This interview with sculptor Zach Coffin was originally published in 2003.
At Burning Man, the yearly gathering in the Nevada desert, art nourishes community — if it doesn't kill you first.
For example, some of the 30,000 revelers expected to attend Burning Man 2003 will relax in the shade of 6-ton slabs of granite, suspended above their heads by lengths of aircraft cable.
The Temple of Gravity will be very safe, says its creator, Atlanta sculptor Zach Coffin. On the other hand, another proposed Coffin sculpture — a massive teeter-totter with multi-ton boulders at each end — is not. Coffin calls it "the baby crusher."

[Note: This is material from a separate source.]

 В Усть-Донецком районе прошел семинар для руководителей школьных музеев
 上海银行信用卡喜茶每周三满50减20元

Burning Man founder Larry Harvey, who is visiting Coffin's West End warehouse studio, tips back his pearl gray Stetson, looks at the baby crusher and laughs. "Yeah, " he says. "We'll build that."
Meaning, "not."
Despite the happy anarchy that typifies the Burning Man experience, there is a strong desire on the part of the organizers for the participants to survive.

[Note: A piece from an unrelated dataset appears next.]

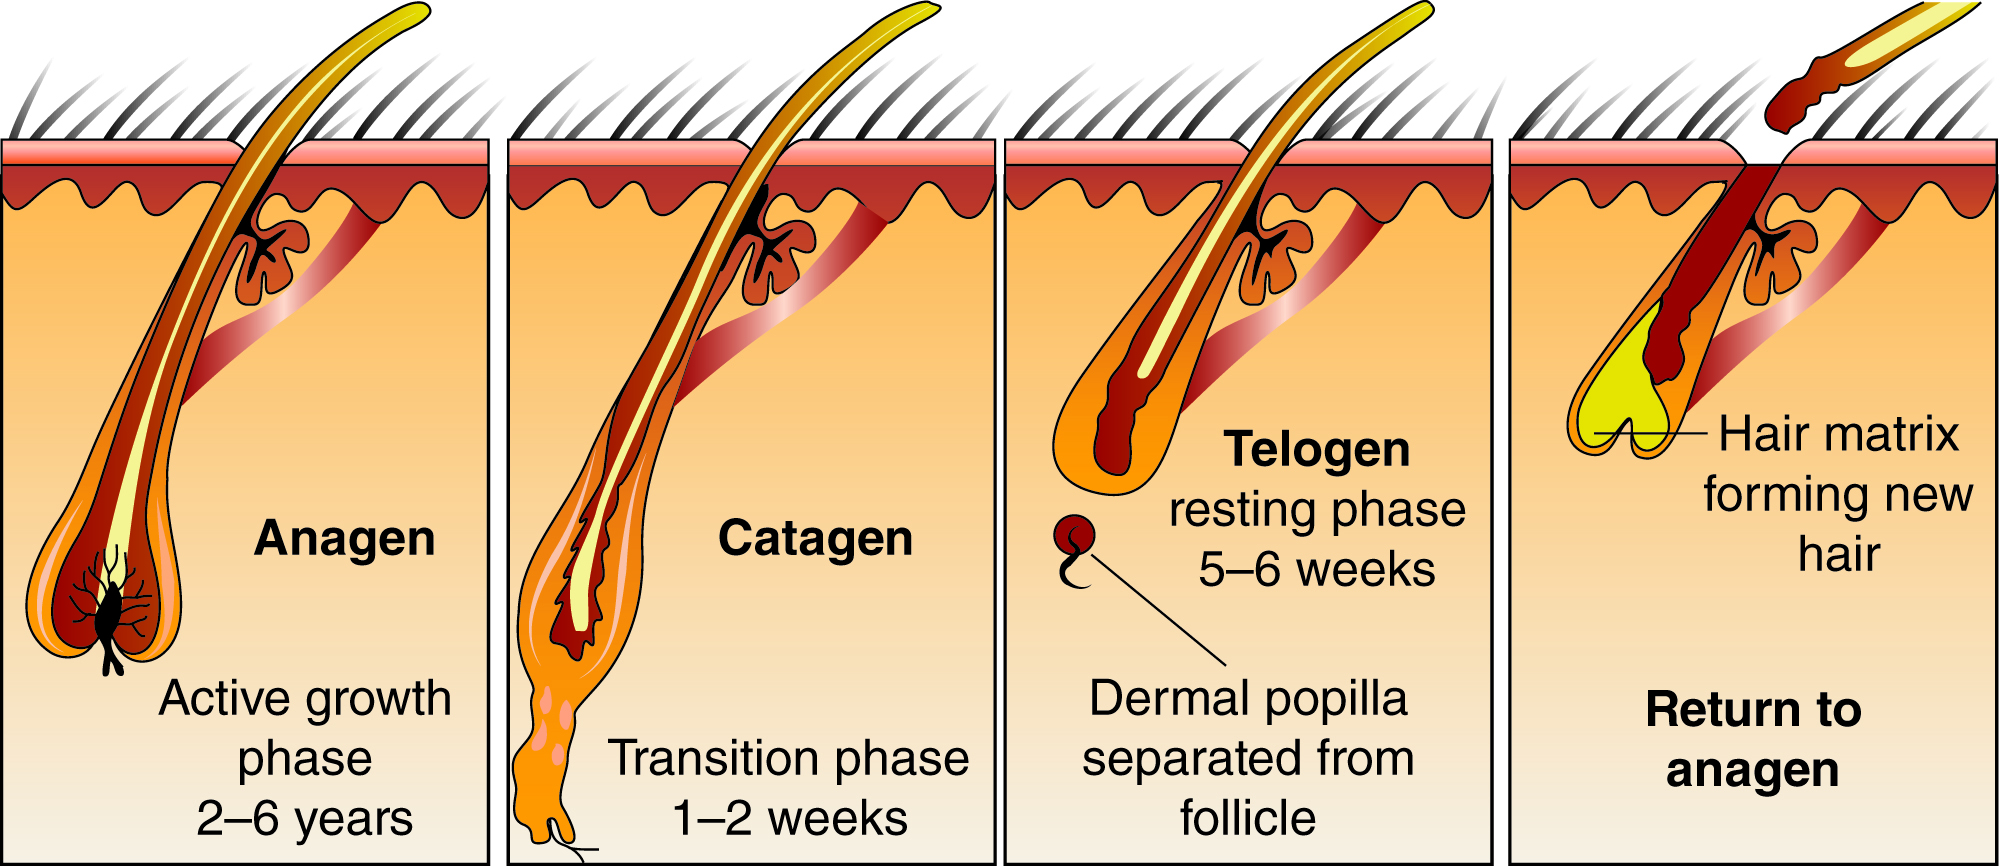 hair follicle in phases: Anagen, Catagen, Telogen, Return to anagen

Harvey also wants the spirit of the event to flourish and spread. This week he's making one of several trips to regional centers around the country to speak about art and its role in generating civic cohesion and to broadcast a few fiery seeds. He'd like to fan the flames in small Burning Man communities, where vending is verboten and creativity is the organizing principle.
Tonight at 7 Harvey speaks at Rich Auditorium in the Woodruff Arts Center, and Friday at 1 he'll speak at Emory University (in a conversation with Art Papers editor Charles Reeve). Friday evening he will attend a sort of mini Burning Man at the City View Sculpture Park in southwest Atlanta, an event co-organized by Coffin that will feature monumental installations, techno music, fire dance, a marching gamelan orchestra, performance art and perhaps a tango or two.
It's the beginning of what Harvey hopes will be a proliferating movement. "Burning Man is not a roadshow, " says Harvey, munching a bagel sandwich at a Midtown restaurant. "We can't take Burning Man here or there. But the participants can."
Burning Man was born in 1985 when Harvey, in a spontaneous act of heartache, or zeal, burned one of his sculptures on a beach in San Francisco. Participants and onlookers enjoyed it, so Harvey did it again the next year. The crowds (and the size of the wooden effigy) grew each year. Discouraged by the authorities from returning to the beach, the group moved to the blistering Black Rock Desert in 1990, effectively removing the onlookers. From that time forward, all who gathered to watch the wooden statue burn were participants, part of a community with a stake in the proceedings.
Mammoth sculptures and installations (including the 80-foot sacrificial wooden sculpture known as the Man) dot the central plaza of the desert encampment, many of them underwritten with part of the $750,000 that the organization gives to artists each year. The works serve as symbols and visual organizers that give the eclectic gathering coherence.
While the Burning Man village and its artworks disappear from the desert at the end of each Labor Day weekend, art can serve the same purposes in permanent communities, says Harvey.
"Ultimately, what we're doing is creating a new market for art, " says Harvey, 56. "We want to create a much larger community that cannot only buy art but can keep it in the public sphere."